Retrieval-Augmented Generation: Knowledge Base Integration
LuWen’s RAG approach is founded on a multi-source, multi-path retrieval pipeline. Legal knowledge bases are constructed from law statutes, judicial interpretations, document templates, textbooks, case libraries, examination archives, and Q&A libraries. Each item is stored as a key-value pair, optimizing both retrieval accuracy and downstream augmentation.
Intent recognition directs queries to appropriate sources, while retrieval combines statistical (keyword matching) and semantic (vector similarity) methods, the latter enhanced by contrastive learning on statutes and case materials. Knowledge fusion mechanisms assemble relevant multi-source snippets for input to the model, increasing both factual accuracy and legal relevance.
Figure 3: Multi-source, multi-path legal knowledge retrieval process, encompassing intent recognition and hybrid retrieval.
A practical demonstration of LuWen’s retrieval in action evidences the model’s ability to synthesize case knowledge and statutory provisions for informed, context-aware responses.
Figure 4: Sample display of LuWen added to the retrieval database, highlighting integrated knowledge response.
Experimental Evaluation and Quantitative Results
LuWen was evaluated across five legal tasks—legal judgment prediction, judicial examination, text summarization, law article question answering, and judicial decision reasoning—using both prediction and generative settings. Baselines included Baichuan2-Chat, GLM2, Qwen, InternLM2, GPT-3.5, and Baichuan+SFT.

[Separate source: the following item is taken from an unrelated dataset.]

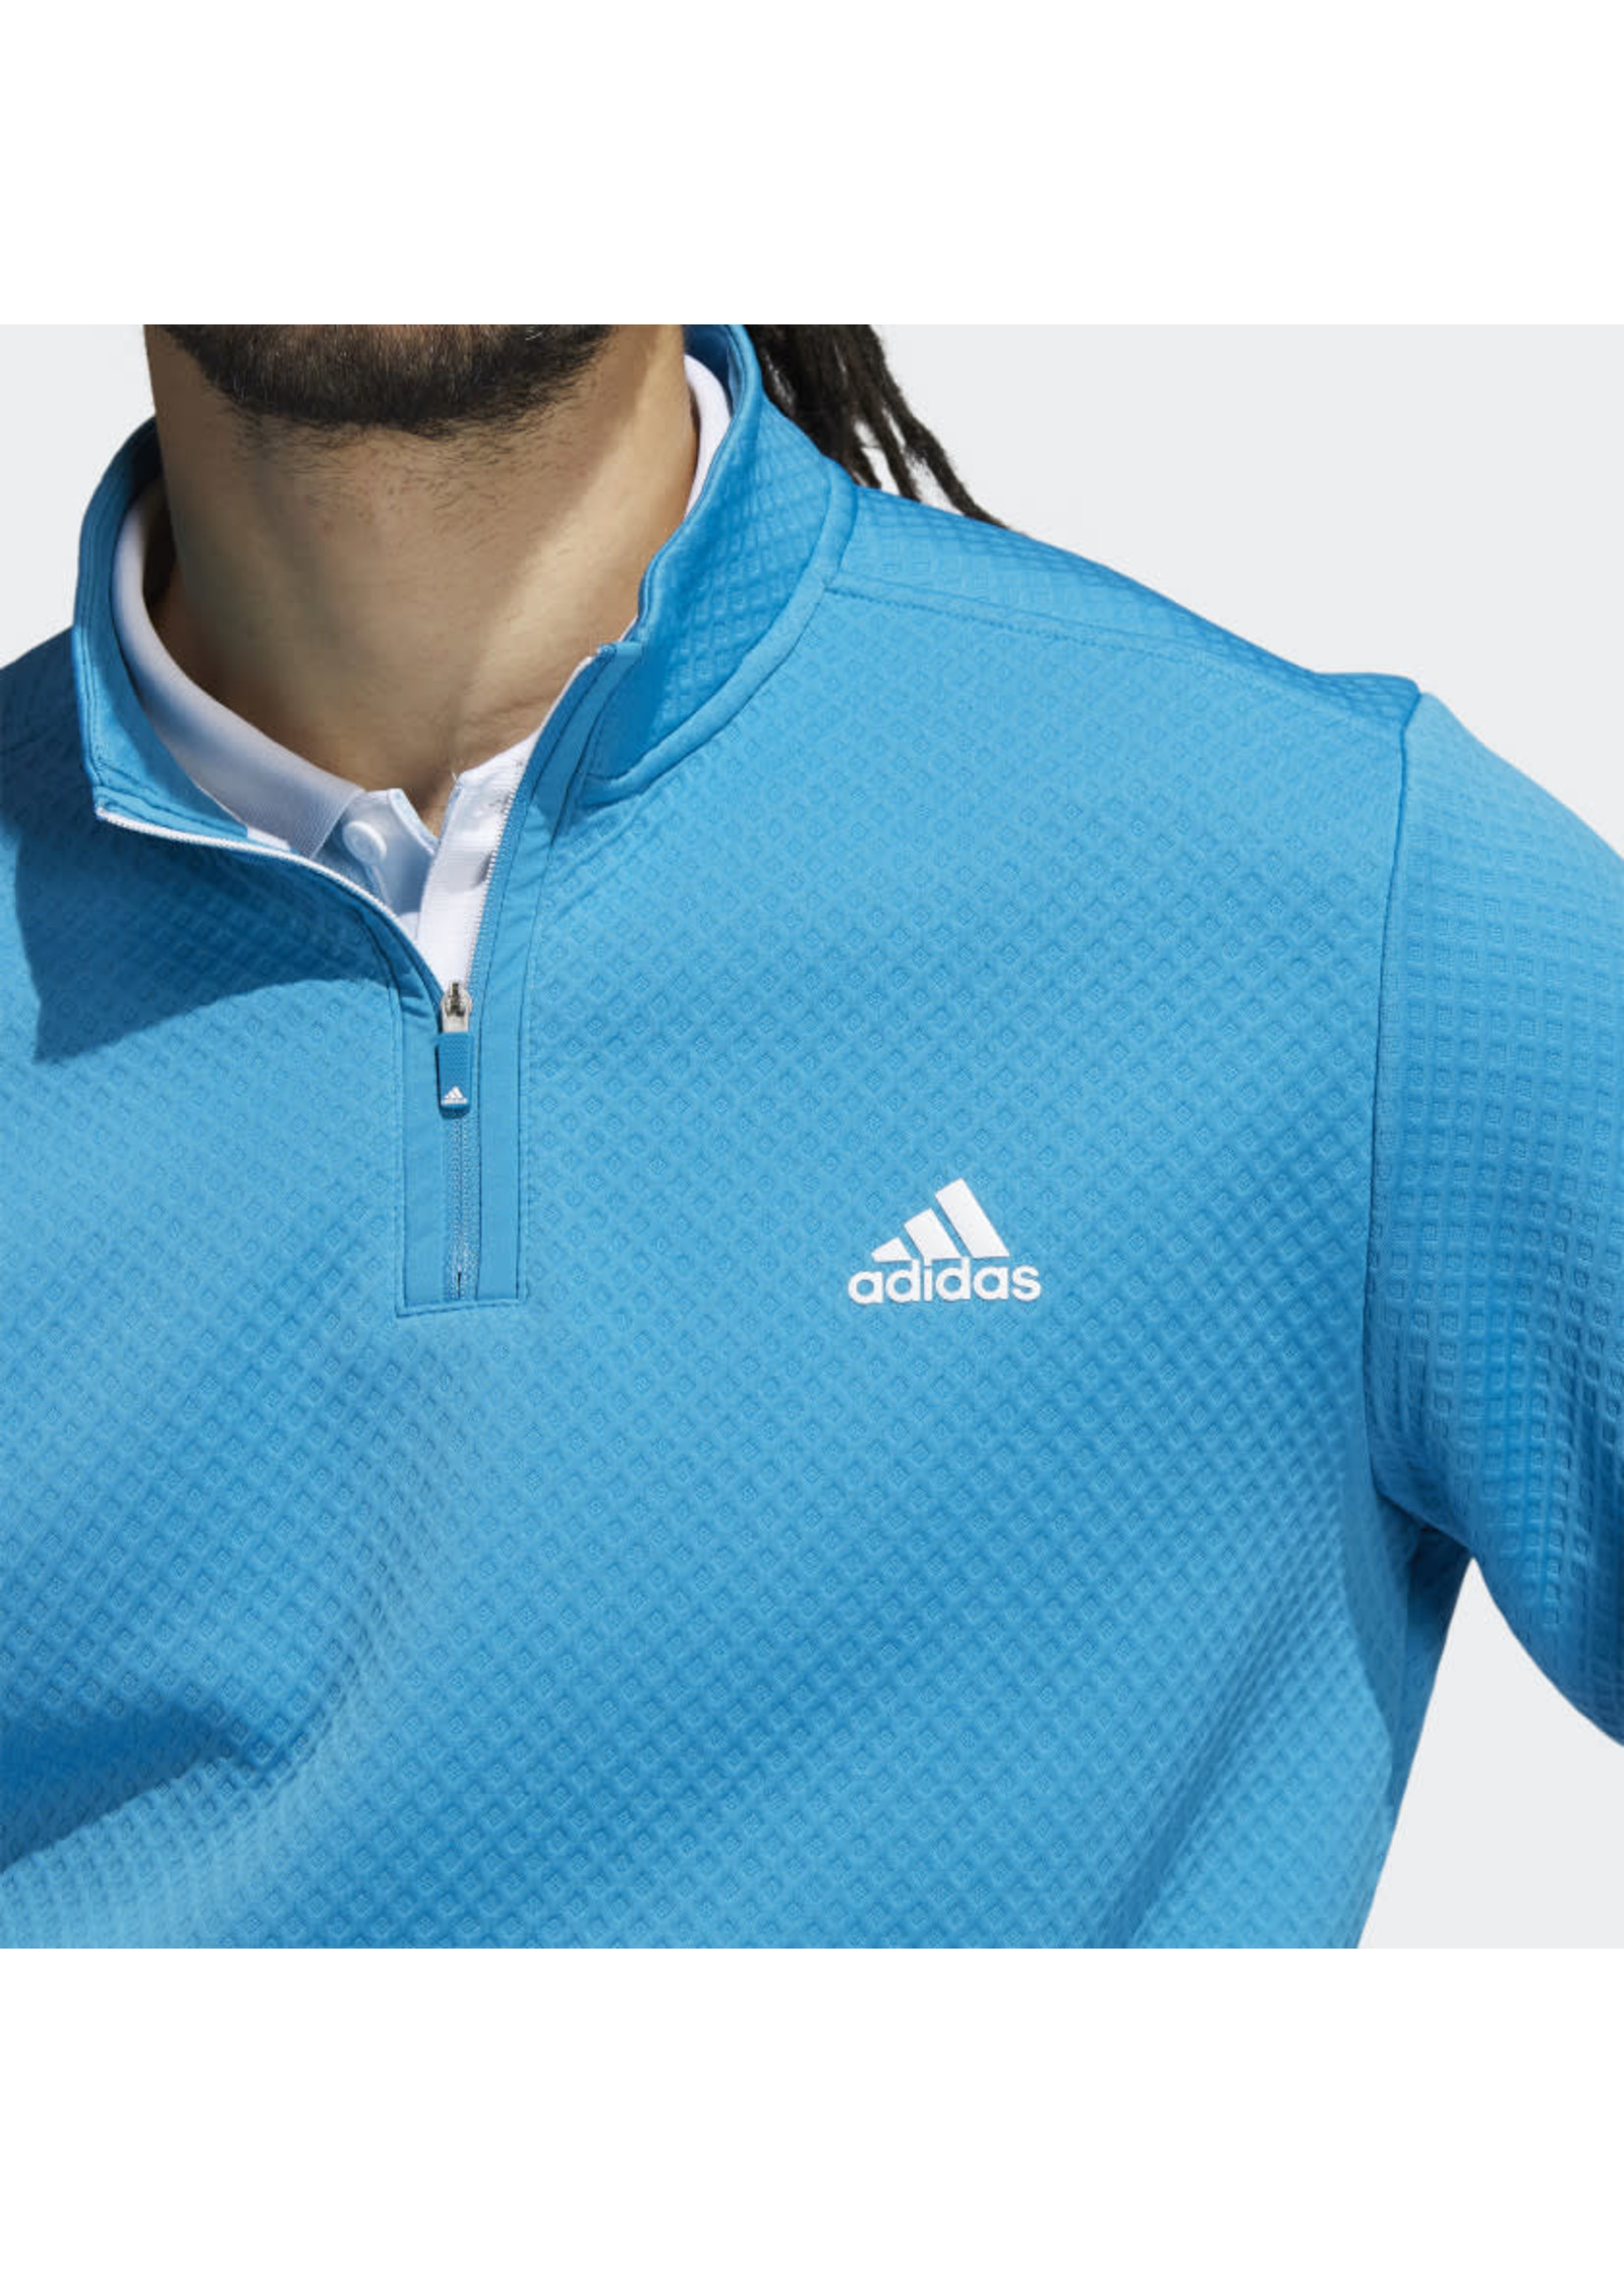 Adidas Adidas Prime Green Water Resistant Mens Golf Top (2021) - Sonic Aqua

In legal judgment prediction, LuWen achieved statute prediction accuracy of 0.35 and charge prediction accuracy of 0.31, substantially outperforming all baselines. Supervised fine-tuning on targeted legal tasks is identified as the principal driver of this improvement, surpassing even GPT-3.5 and Baichuan2 models.

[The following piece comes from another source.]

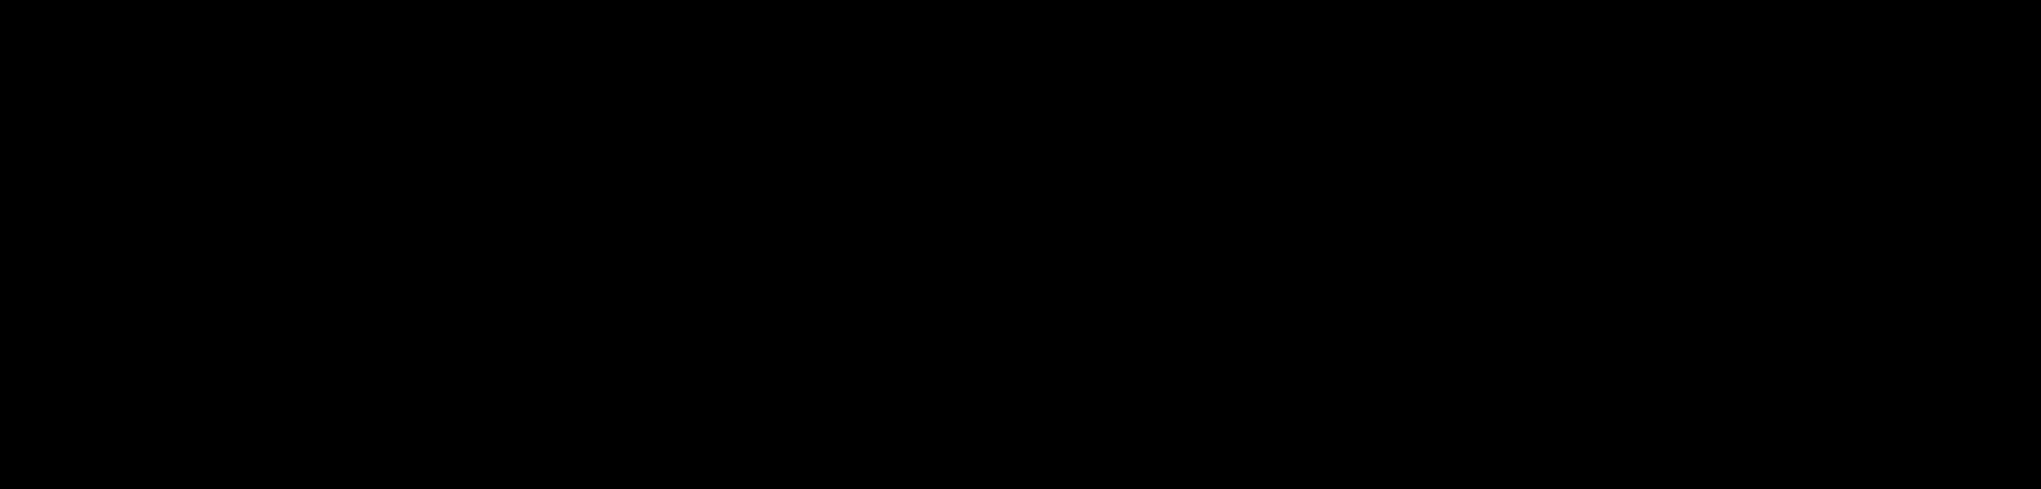 Kelli Oakes logo

For generation tasks, LuWen attained legal text summarization scores of 71.6, compared to Baichuan+SFT’s 47.9 and GPT-3.5’s 67.3. In law article question answering, LuWen scored 84.0, more than doubling GPT-3.5’s 38.0, and exceeding Baichuan+SFT’s 44.0. Judicial decision reasoning reached 53.7 for LuWen, with clear dominance over baselines.
Strong quantitative performance on generation tasks reflects LuWen’s advanced fluency and domain expertise, especially for knowledge-based reasoning and legal interpretation where domain-specific instruction-tuning and RAG offer critical advantages.

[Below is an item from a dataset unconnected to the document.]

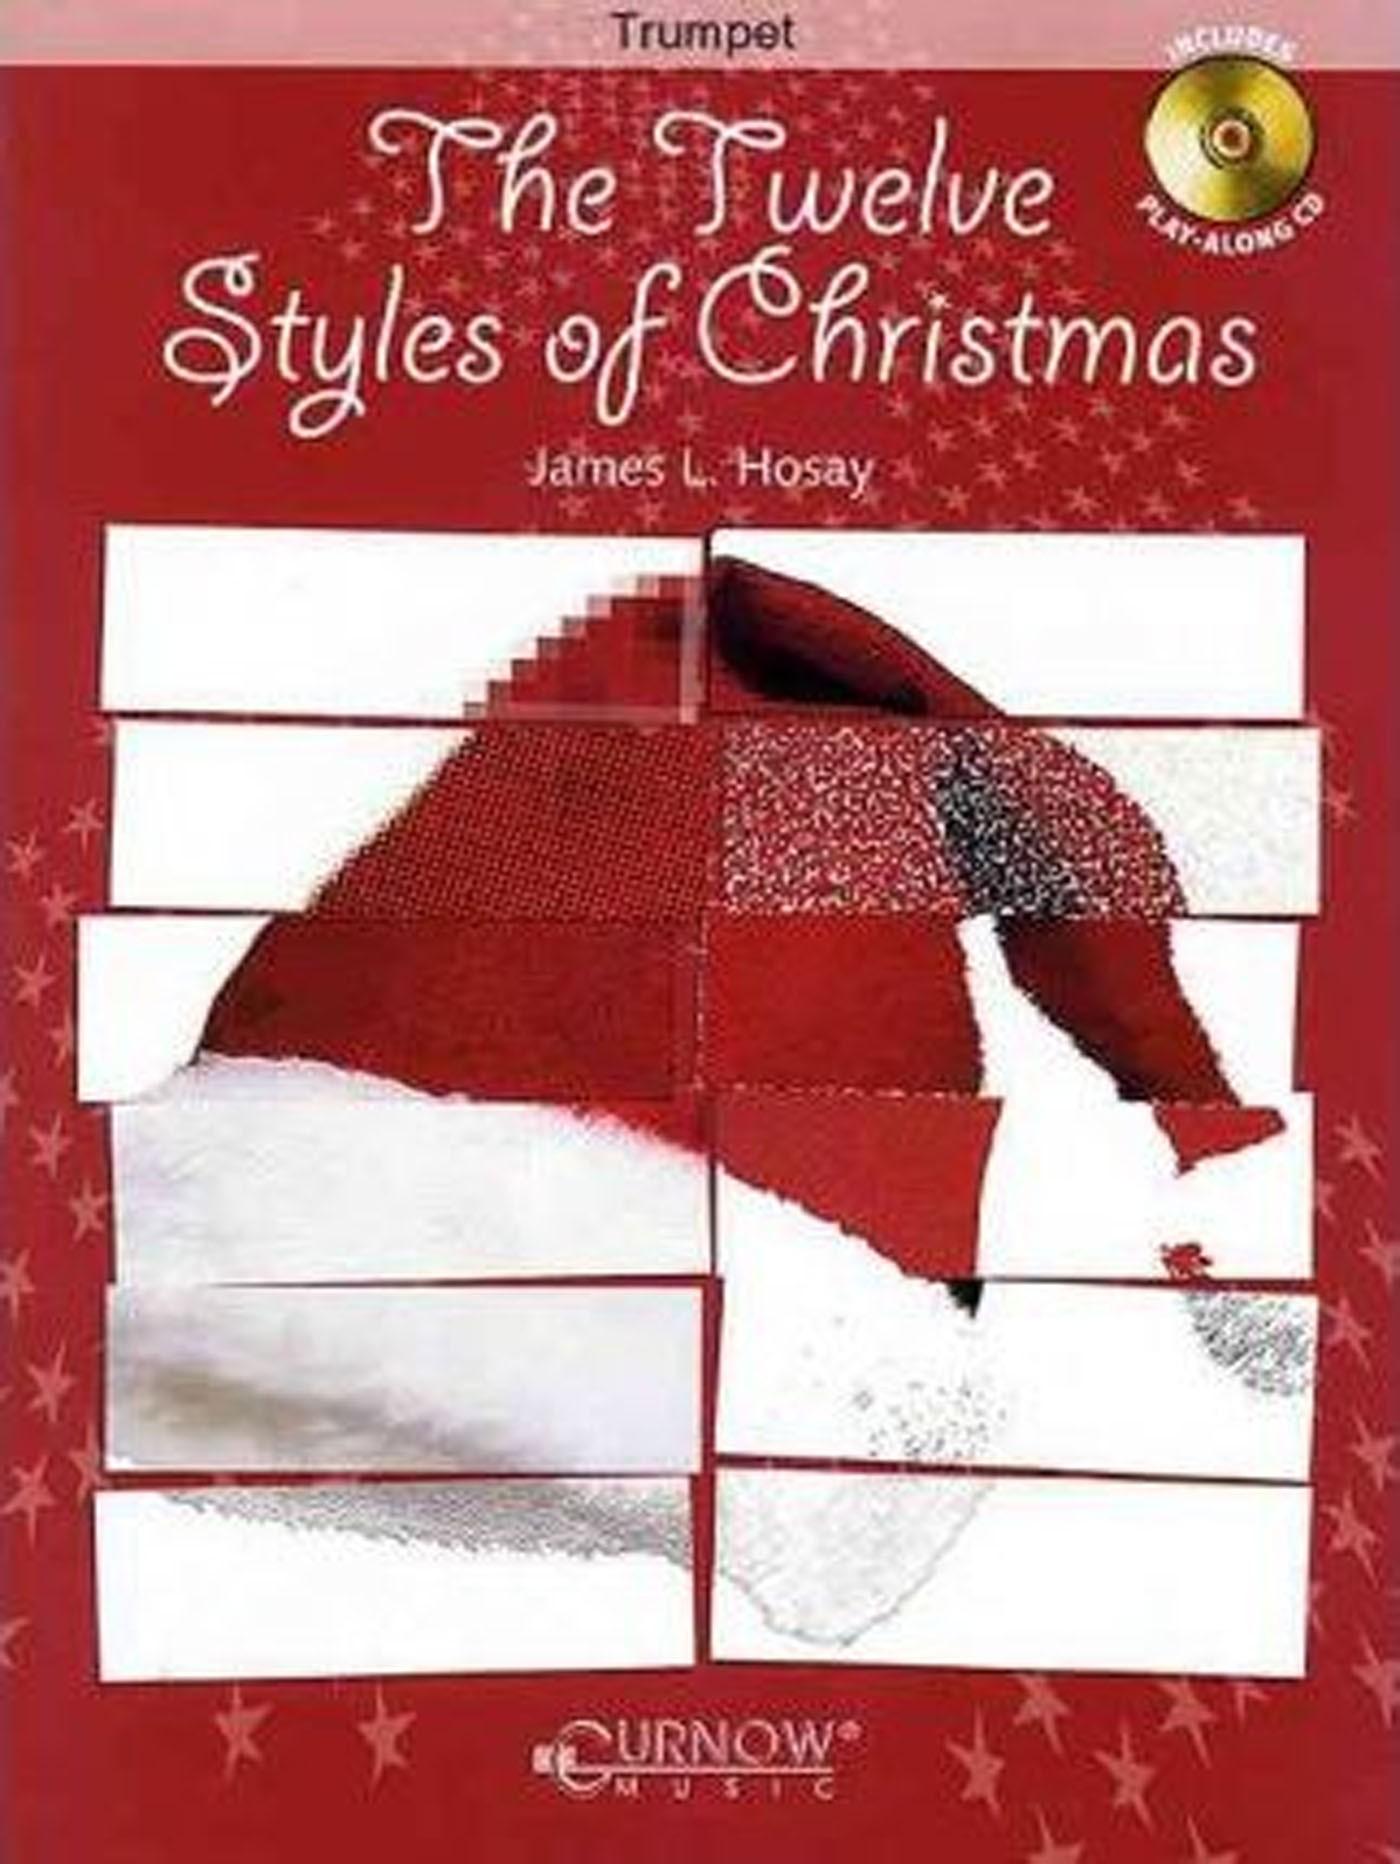 The Twelve Styles Of Christmas Trumpet Book & CD James Hosay Grades 2-3 S147

Practical and Theoretical Implications
LuWen’s architecture demonstrates that legal domain LLMs benefit markedly from domain-optimized continual pre-training, careful instruction dataset construction, and retrieval-augmented generation. The hybrid approach allows practitioners to deploy models that are contextually accurate and responsive to evolving legal knowledge, addressing practical necessities such as legal consultation, case analysis, statute recommendation, and document summarization.
Theoretically, LuWen’s integrated retrieval mechanism positions it as a dynamically updatable system, reducing retraining costs as statutory changes emerge. The balance between general-language and domain-legal corpora is shown to be essential for retaining broad natural language understanding while excelling in domain-specific tasks.
Future Directions
The authors highlight future directions including: autonomous task decomposition via CoT or agent-based frameworks, automated knowledge base-specific retrieval model training, and expansion into multimodal capabilities (audio, image, and video) to better reflect legal domain practicalities. These improvements could drive further advances in both model robustness and applicability across diverse legal scenarios.
Conclusion
LuWen represents a comprehensive technical contribution to legal-domain LLMs, combining continual pre-training, rigorous instruction-tuning, and retrieval-augmented generation to achieve state-of-the-art performance in specialized legal tasks. The approach demonstrably elevates both prediction and generation quality, with significant implications for future legal AI developments in real-world, rapidly-evolving contexts.